Figure 1.: Principles of parametric model-order reduction.: first, in an “offline stage”, a certain number of solution snapshots, obtained for different parameter realizations, are collected. Then, the essence of the information gathered is extracted in the encoding step (learning stage), using SVD or auto-decoders, for instance. The latent code represents the model’s reduced coordinates in the learned manifold. The parametric dependence of the latent code can either be learned using non-intrusive approaches or can be obtained by projecting the full-order model equations into the learned subspace. Finally, knowledge of the latent code values enables the rapid reconstruction of the solutions. This final stage is the “online stage” and can be significantly faster than exercising the full-order model.
Substasks:
- Definition of parametric variations needed for the MSRR,
- Generation of snapshots using the high-fidelity model provided in task-1,
- Subspace learning for the multiphysics solution,
- Response hypersurface learning,
- Model calibration.
Task 3: Application to progression problems and demonstration
This task will be dedicated to supporting UT in the development of a set of progression problems that can be used to gradually check the capabilities of numerical models in simulating the steady-state and transient behavior of the MSRR and other MSRs.
Once the progression problem is defined, TAMU will: run the tools developed in Tasks 2 and 3 and compare results with those obtained by UT using VERA; calibrate the tools based on the outcome of the comparison (as part of Task 1).
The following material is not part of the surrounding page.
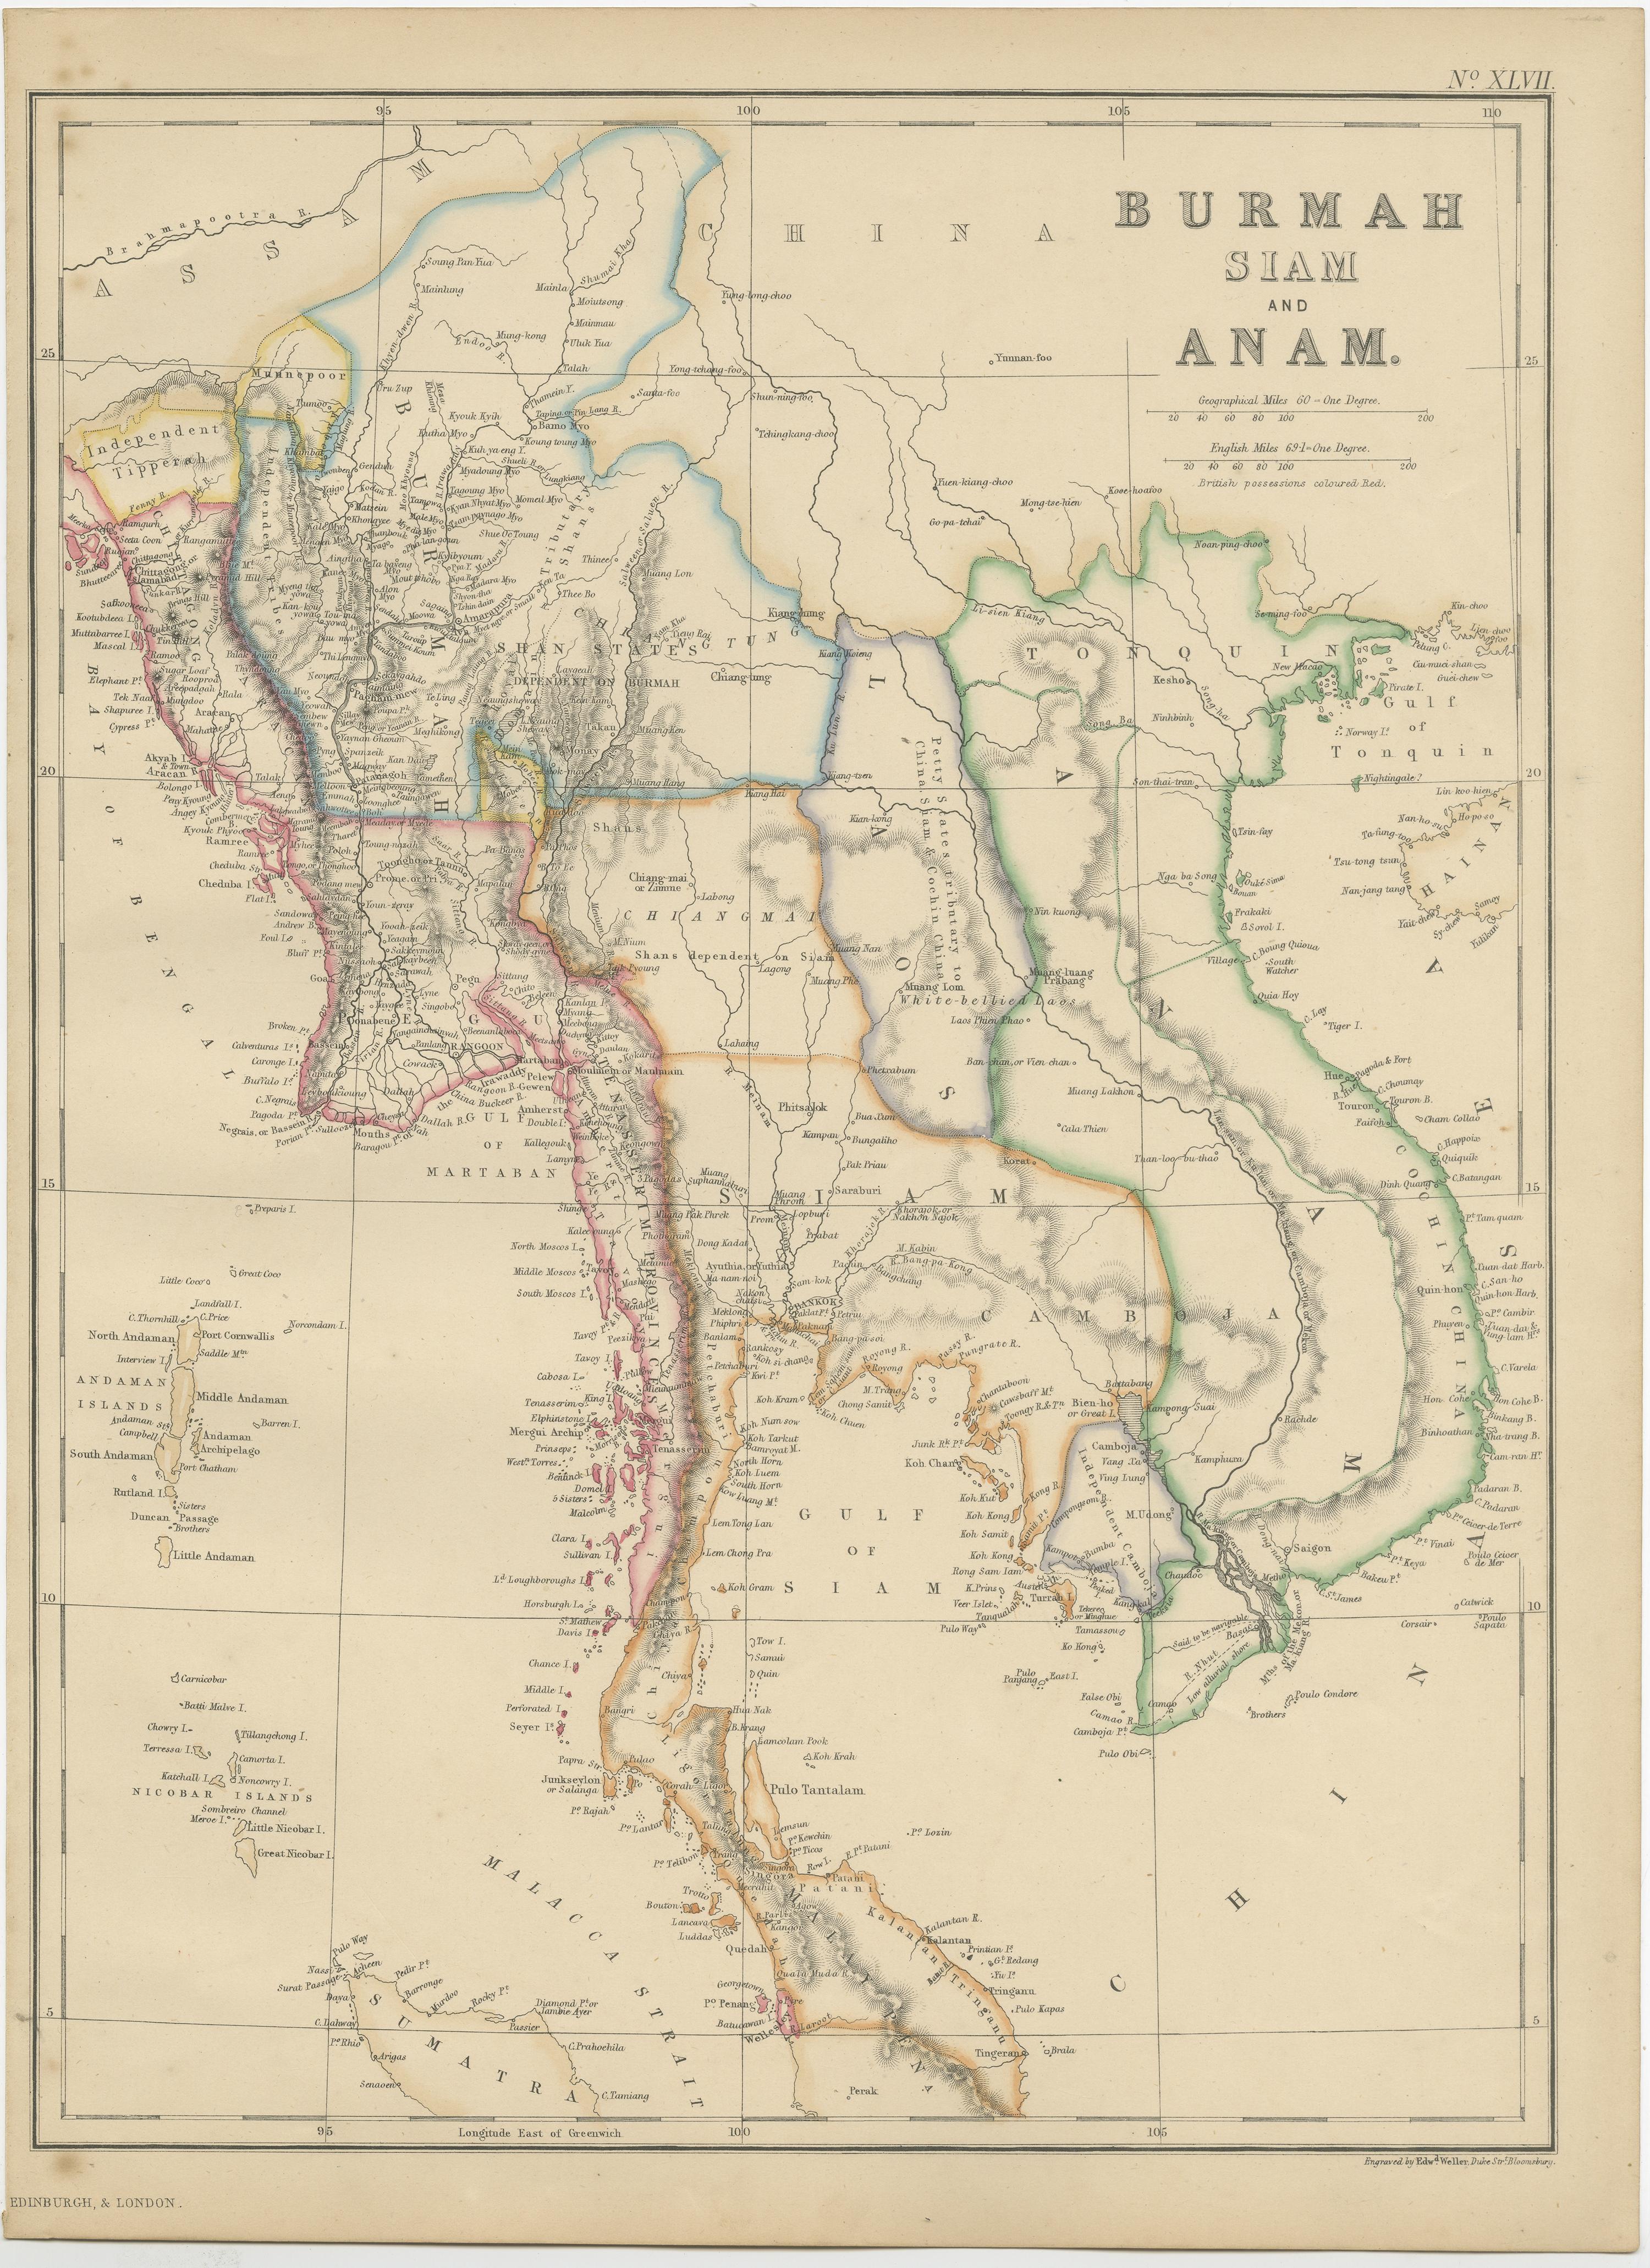 Antique map titled 'Burmah, Siam and Anam'. Original antique map of Myanmar (Burma), Thailand (Siam) and Annam (Anam). This map originates from ‘The Imperial Atlas of Modern Geography’. Published by W. G. Blackie, 1859.

Finally, TAMU will demonstrate the use of the models developed in Tasks 1 and 2 for the prediction of extrapolated states/designs of the MSRR.
Substasks:
- Definition of progression problems,
- Running of the tools for the progression problems and calibration,
- Demonstration of capabilities.
References
[1] Carlo Fiorina, Ivor Clifford, Manuele Aufiero, Konstantin Mikityuk, 2015. GeN-Foam: a novel OpenFOAM® based multi-physics solver for 2D/3D transient analysis of nuclear reactors, Nuclear Engineering and Design, Volume 294, 2015.
[2] German, P., Ragusa, J.C., Fiorina, C. and Retamales, M.T., 2019. Reduced-order modeling of parametrized multi-physics computations for the molten salt fast reactor. In International Conference on Mathematics and Computational Methods Applied to Nuclear Science and Engineering, M&C (pp. 1808-1817).